Collaboration and outsourcing is one way we can cross this threshold more easily.
How to find opportunities for vertical integrations in your company
Being more vertically integrated means that your company needs to be more collaborative internally.
Each department can then operate in close alignment, using a rich exchange of information to achieve common end-goals. Digital transformation is an important step in this journey.
This has advantages beyond increasing throughput and profit – the whole organisation becomes much more effective too. With the free flow of information, it is easier to work in alignment.
All stakeholders are then focused on the end goal: targeting the ideal customer. All aspects of the supply chain can be fine-tuned to this end, and this ultimately has better results for all links in the chain.
There are many possibilities for vertical expansion, such as ‘Direct-to-Consumer’ offensives, or expansion into Omni-channel sales. A task force needs to examine the whole process with a sharp focus on how they are serving the end consumer.
This means you need to conduct an audit of your supply-chain and operation strategy, a re-targeting of your operating model, and widespread digitisation.
That last element can be investment-heavy, but we know that investors are keen to see companies putting money in future growth and resilience. While a widespread IT transformation can be costly, the free flow of information is vital to make it work.
Bringing all stakeholders into this enterprise helps to clarify to all parties that the conversion of sales does not happen when product is passed to the next link in the chain, but when it actually reaches the end-consumer’s hands.
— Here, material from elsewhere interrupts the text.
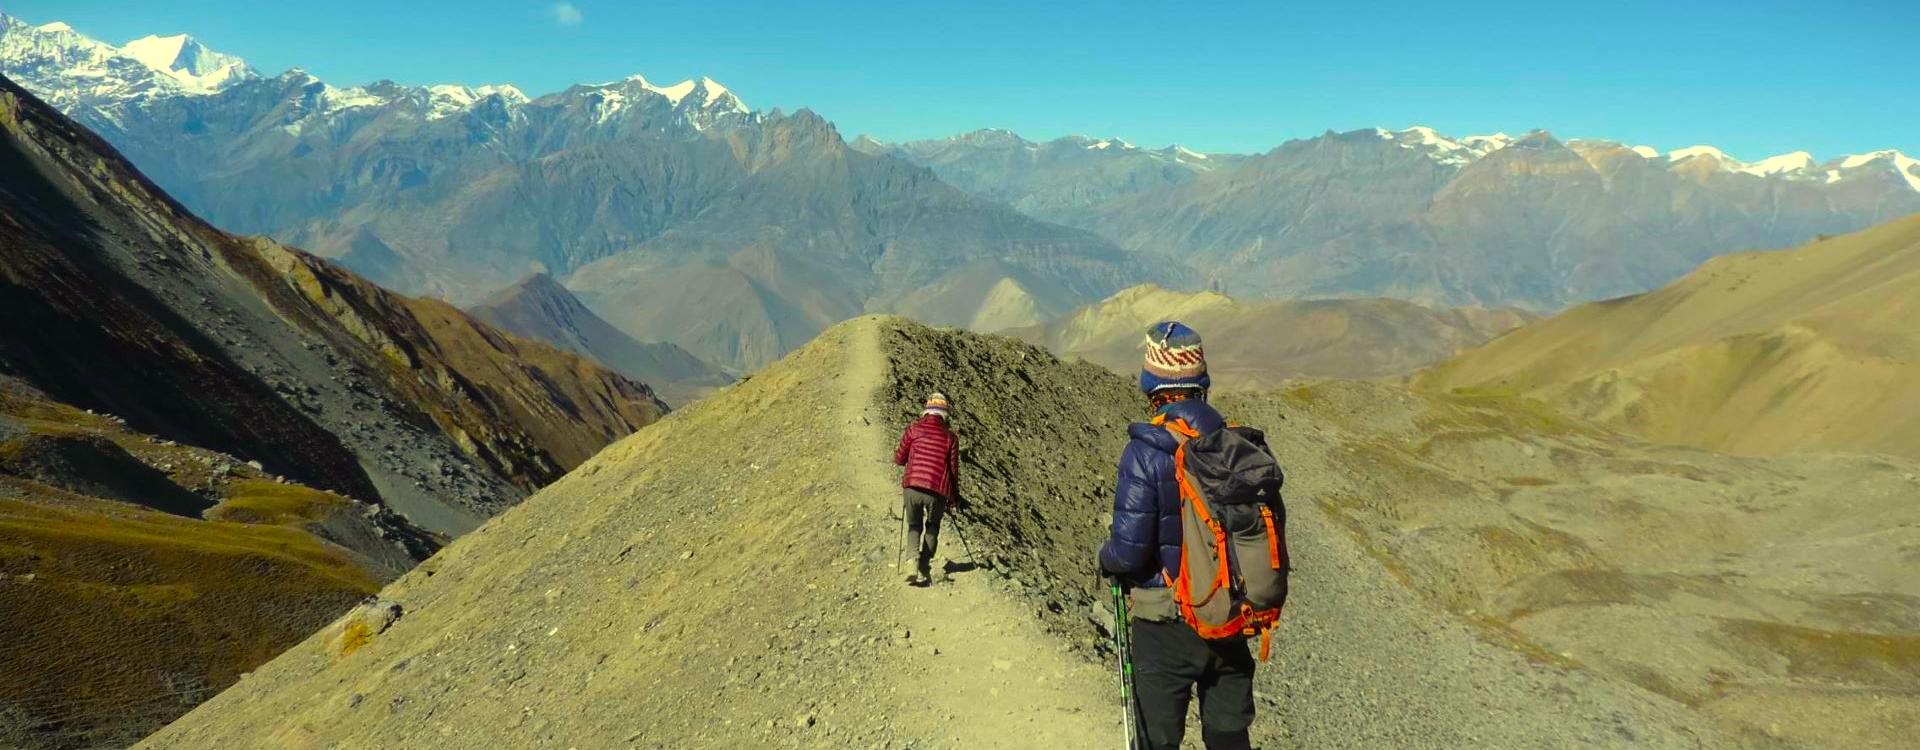 20 Best Treks in Nepal 2023

How Retailisation enables collaborative action in vertical businesses
The biggest factor in achieving success as a vertical business is ensuring the smooth flow of information from all parts and the translation of this data into coordinated and meaningful actions.
While many companies create custom IT solutions to achieve this, the Retailisation software can work with any business model. It can realise a high level of business intelligence and coordination, with some very attractive benefits for companies that are expanding vertically.
The software is designed to bring together and process information from multiple sources, giving an overview of the entire company.
It's perfect for companies that operate Omni-channel or online sales, but also Brick-and-Mortar only companies or those looking to expand, because it can bring together different data sources into one seamless overview.
Inventory levels are available with multiple filters, and the smart algorithm works together with pre-defined thresholds to generate the right order – every time. Replenishment and reallocation options are also just a few clicks away.
The software’s perspective encompasses the entire operation, and not just each department – this helps to ensure collaborative working across the entire chain with clearly-aligned objectives.
Detailed metrics and reports clearly identify areas for improvement, and the system feeds back real-time sales data which can inform supply decisions further back along the chain.
Information is the lifeblood of a vertically integrated company – and the Retailisation software is a big part of keeping both information – and inventory – flowing in the right direction.